It is barely an exaggeration to say that Republican Party leaders have stretched the fabric of American democracy to its breaking point for the privilege of cutting their donors’ taxes.
Now they intend to compound the damage by exacerbating economic inequality, by offsetting the enormous cost of those donor-class tax cuts with tax increases for tens of millions of American workers, and higher health care premiums—or lost insurance—for millions more.
The central challenge facing Republican legislators who want to reward their donors with enormous, permanent business tax cuts is to construct a bill that, on paper, will not increase the deficit after the budget window closes 10 years from now. The central challenge facing the rest of us is to recognize that the way they plan to do this breaks faith with the public just as did their misbegotten health care repeal bills, which the public rejected as morally unacceptable.
Senate budget rules say that tax code reforms can only be fast tracked and exempted from filibusters if they don’t increase deficits in the long run.

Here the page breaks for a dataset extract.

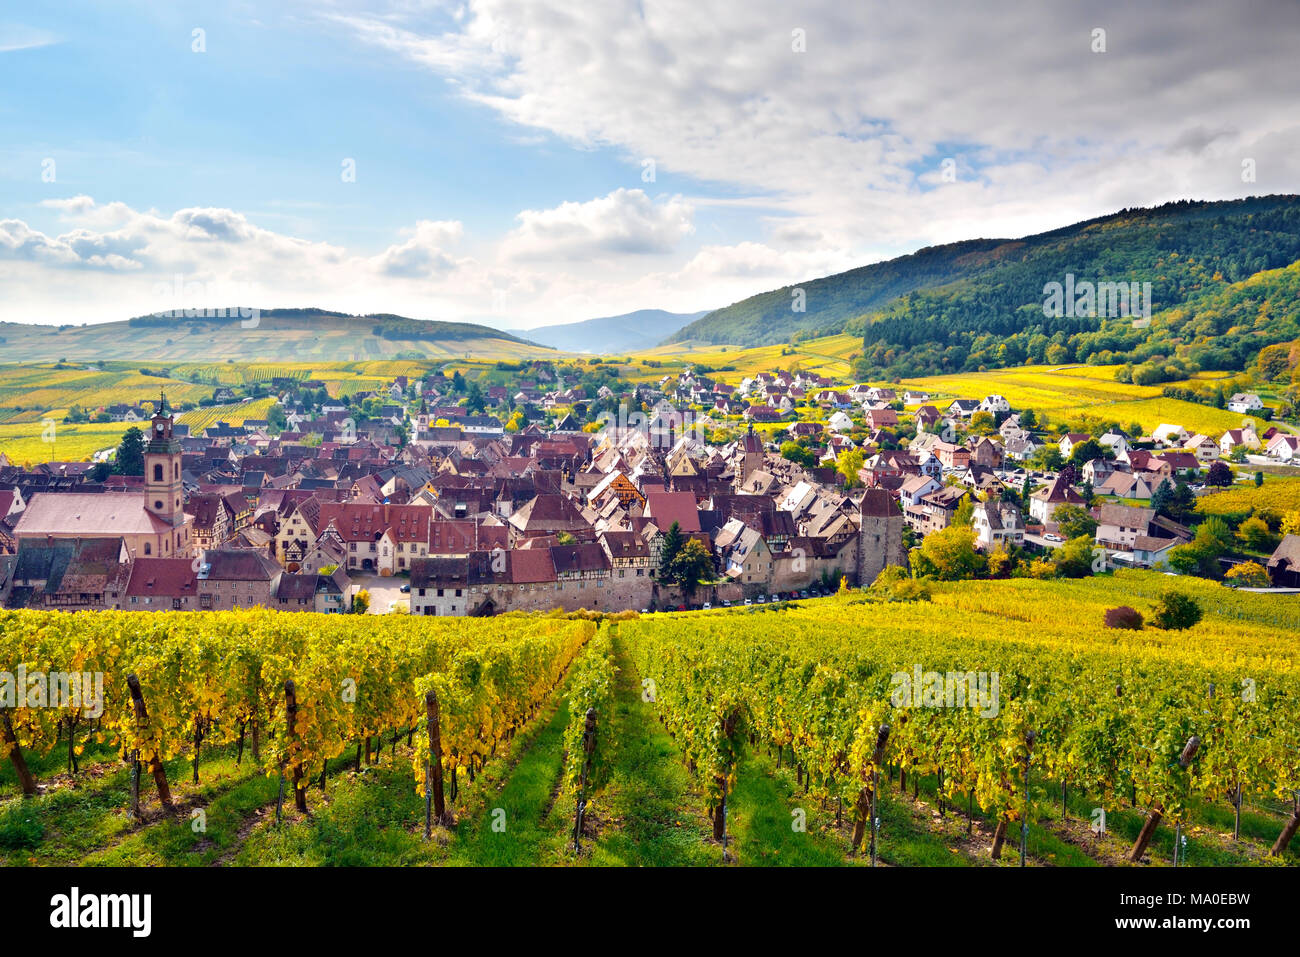 Une vue sur le vin, Riquewihr, dans la région d'Alsace, France. Banque D'Images

Under President George W. Bush, Republicans worked around these rules by passing multiple giant income tax cut bonanzas, but writing their bills to expire abruptly after 10 years.
That’s much harder to do on the business side, because corporations can strategically time their tax liabilities. Temporary tax cuts incentivize them to pay more tax now to avoid higher rates in the future. The fiscal effects of temporary corporate tax cuts are thus detectable way past the point of expiration. Thy increase deficits on the long run even if they’re temporary.

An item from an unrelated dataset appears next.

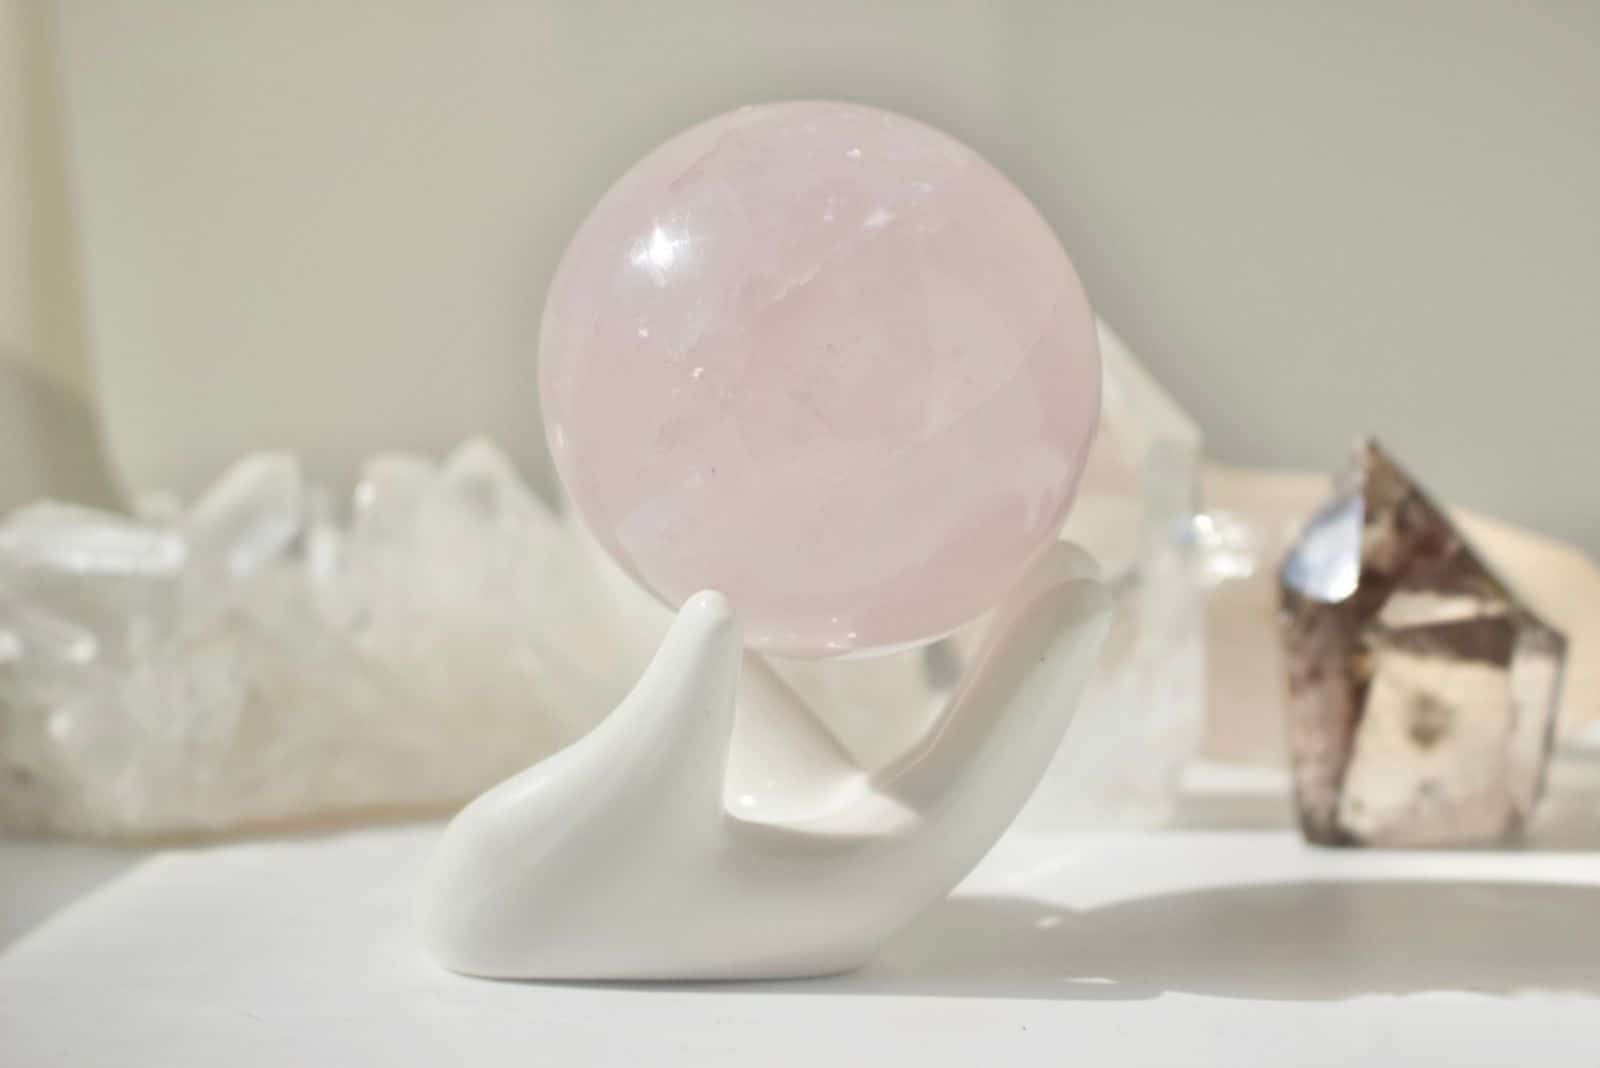 Sphère de quartz rose sur la main en porcelaine blanche

To escape that conundrum, Republicans have decided that the donor-class tax cuts must be permanent, which is a huge boon to the donors, but has required Republicans to seek permanent offsets—ones that eclipse the cost of corporate tax cuts more than a decade into the future.
What they’ve settled upon is the idea that tens of millions of poor and working people should pay for these permanent corporate tax cuts in the form of higher income taxes payments, and less health insurance.
Republicans spent the first eight months of Trump’s presidency trying to funnel the money that pays for poor and working people’s health care into the pockets of rich people. Now they have moved on to the radically different challenge of lining the pockets of rich people with the money that pays for poor and working people’s health care.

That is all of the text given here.